# bessie, just like the rest



## 106514 (Aug 17, 2007)

Well bessie is or was 400 miles old when we bought her second hand. she is now just over 6000 miles old and 9 months into our ownership and we have been to Narbonne, down by the Med.. , Blackpool, N. Ireland and Lowestoft and WOW! how i wish id had the guts to spend the money sooner. 
Our toilet door did the swinging thing, nice gold lock at the top, cracked it..
I fitted two fire extinguishers one in the back by the cupboard and one adjacent the cooker on the tiolet/shower wall,. A fire blanket next to the main door and we spent £400 on the girlie fittings you know the wifee things that make it all just so comfortable, well they can cant they so we let em bless em.
Only one problem, how the h... do you change a light bulb in those pretty gold fittings.. other than that oh and the hellish long time for the sink to drain.. but seriously any advice on those points guys greatly appreciated. and like i said with me the missus, daughter, son and two grandchildren MAGIC, we kicked them all down the big end and we had all from the toilet door forward. just heaven.....
Oh! how i wish wed done it long time ago. me and Jenny well were 60 now and intend to use it to escape the UK and go see much much more of the world.. 
Oh! I noted someone else about to buy one below here, I do hope your lots younger than i and can really enjoy it hurry times a wastin have fun we are.


----------



## autostratus (May 9, 2005)

Hi Jenmat

Welcome to the community of MotorhomeFacts.com

It's great to hear you're enjoying bessie and I hope she gives you many, many more miles of pleasure.

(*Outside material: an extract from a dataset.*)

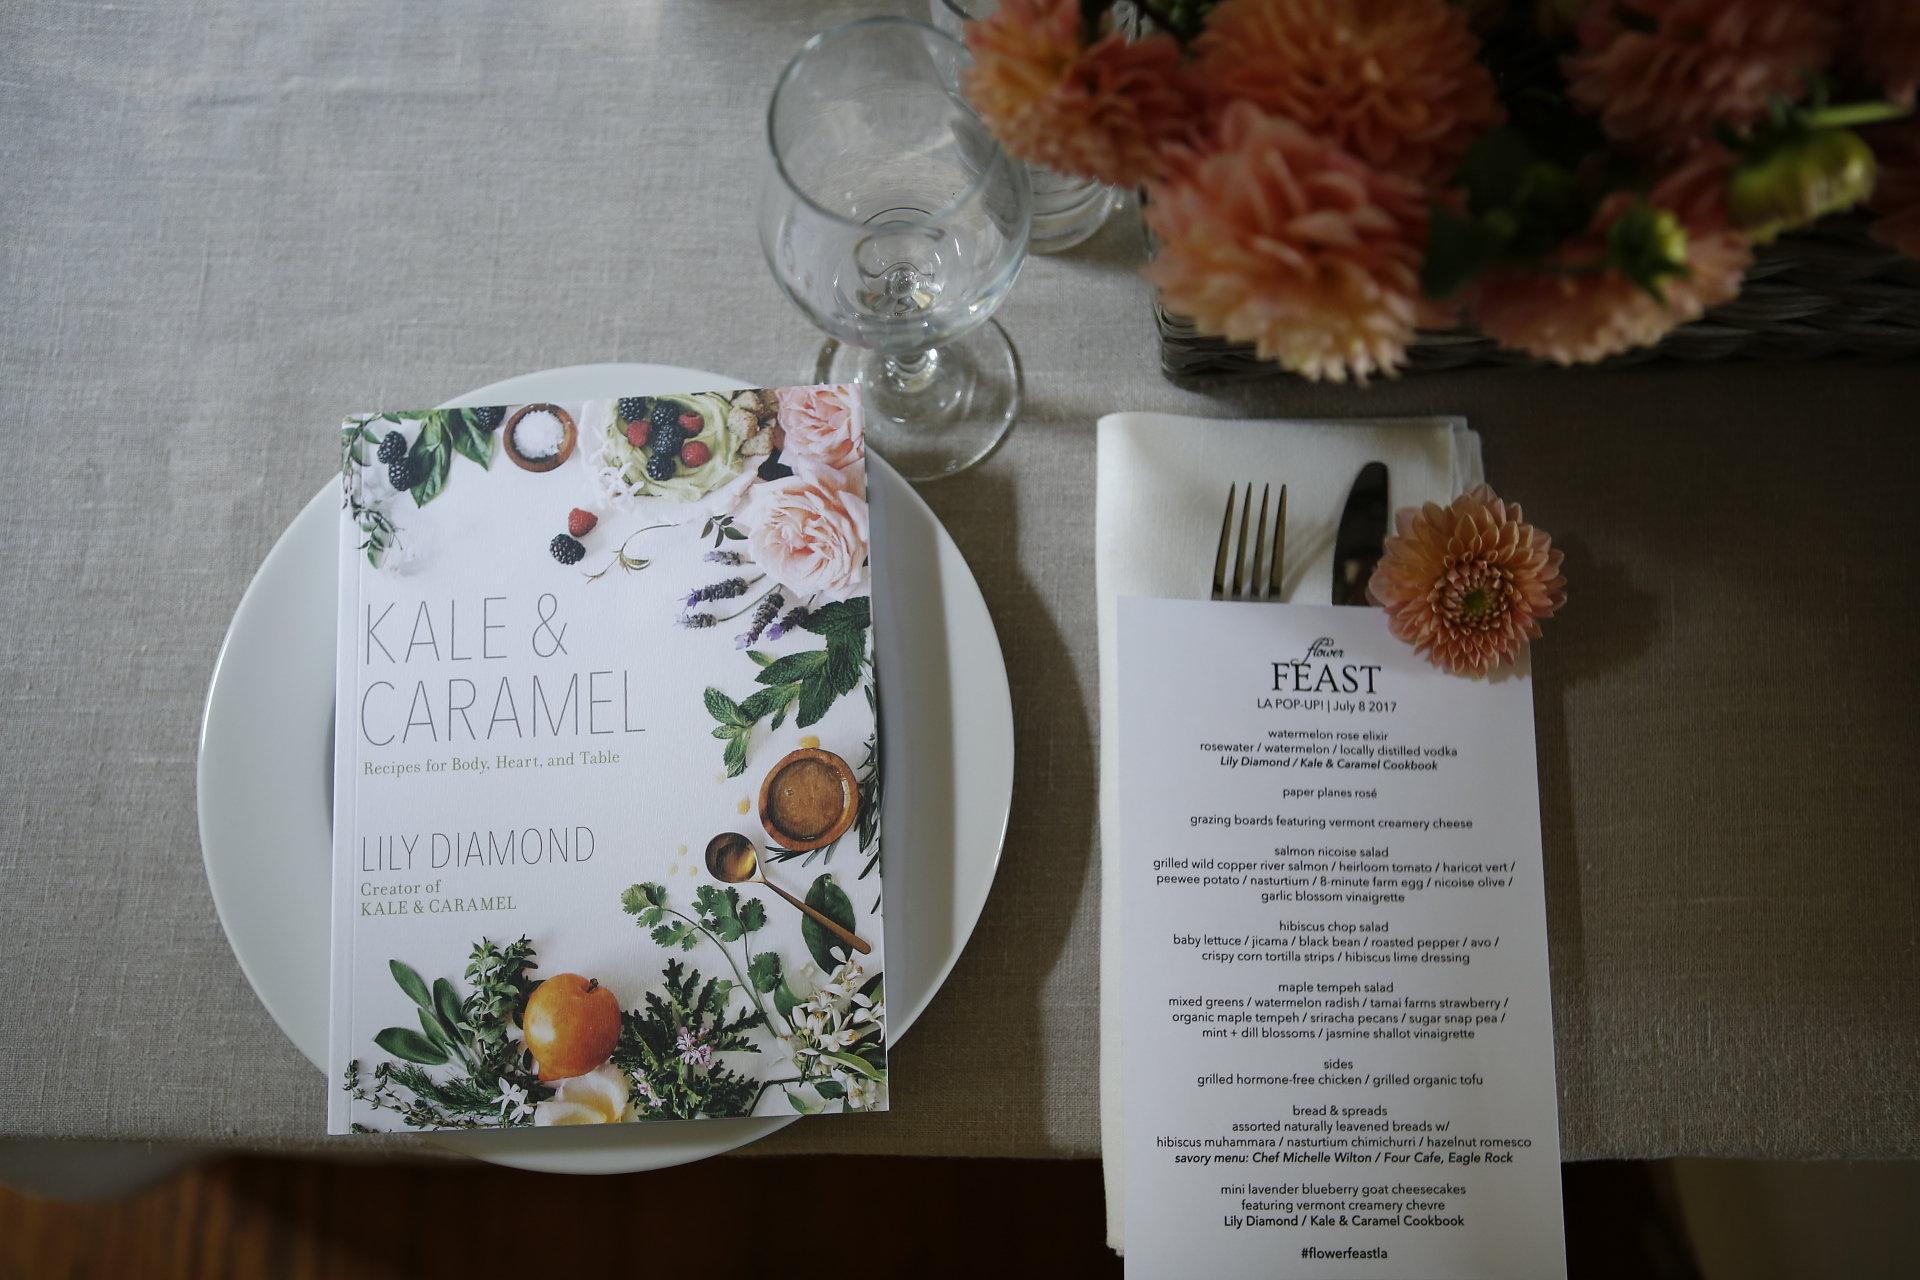 Kale & Caramel Flower FEAST LA

To get the ful benefit of this site (including many discounts) you may like to consider subscribing. It's subscriptions which keep us running.
See here:-http://www.motorhomefacts.com/modules.php?name=Advantages


----------



## SHAUNSDAD (Aug 2, 2006)

Its nice to see someone else enjoying their motorhome life. If the light fittings are the same as mine you twist the gold fitting and hey presto one accessable bulb. I've just ordered some led bulbs for mine hoping that they will reduce my power consumption when on a battery


----------



## 106514 (Aug 17, 2007)

*LED UNITS.*

Ah well back to the drawing board. I spent about three days designing a replacement unit which will fit exactly where the current unit fits with 4 led's and reflector (bright white) as you are no doubt aware, the bulbs are rated between 20 and 50 watts, ouch. Whereas the LED cct, can get as low as 1 to 5 watts. Doing the sums, 14 units at say 20 watts, 280 watts at 12 volts nominal thats 23 amps and with lamps only, a 100 amp hour leisure battery is dead after nominally 4 and a half to 5 hours, now compare that with 14 units totalling 5 amps max and you are looking at 20 odd hours.. Some difference and to be honest the current for the LED'S is normally much lower. Anyway, can you tell me where you got hold of your LED units, i would be most grateful. 
Changing the subject, we have spent the last three to four months looking carefully at the new 2007 units (sorry, Motorhomes) on the market, at our local branch and to be honest, were not unduly impressed, the cost increases dont seem to match up with the benifits, whats your thinking ?


----------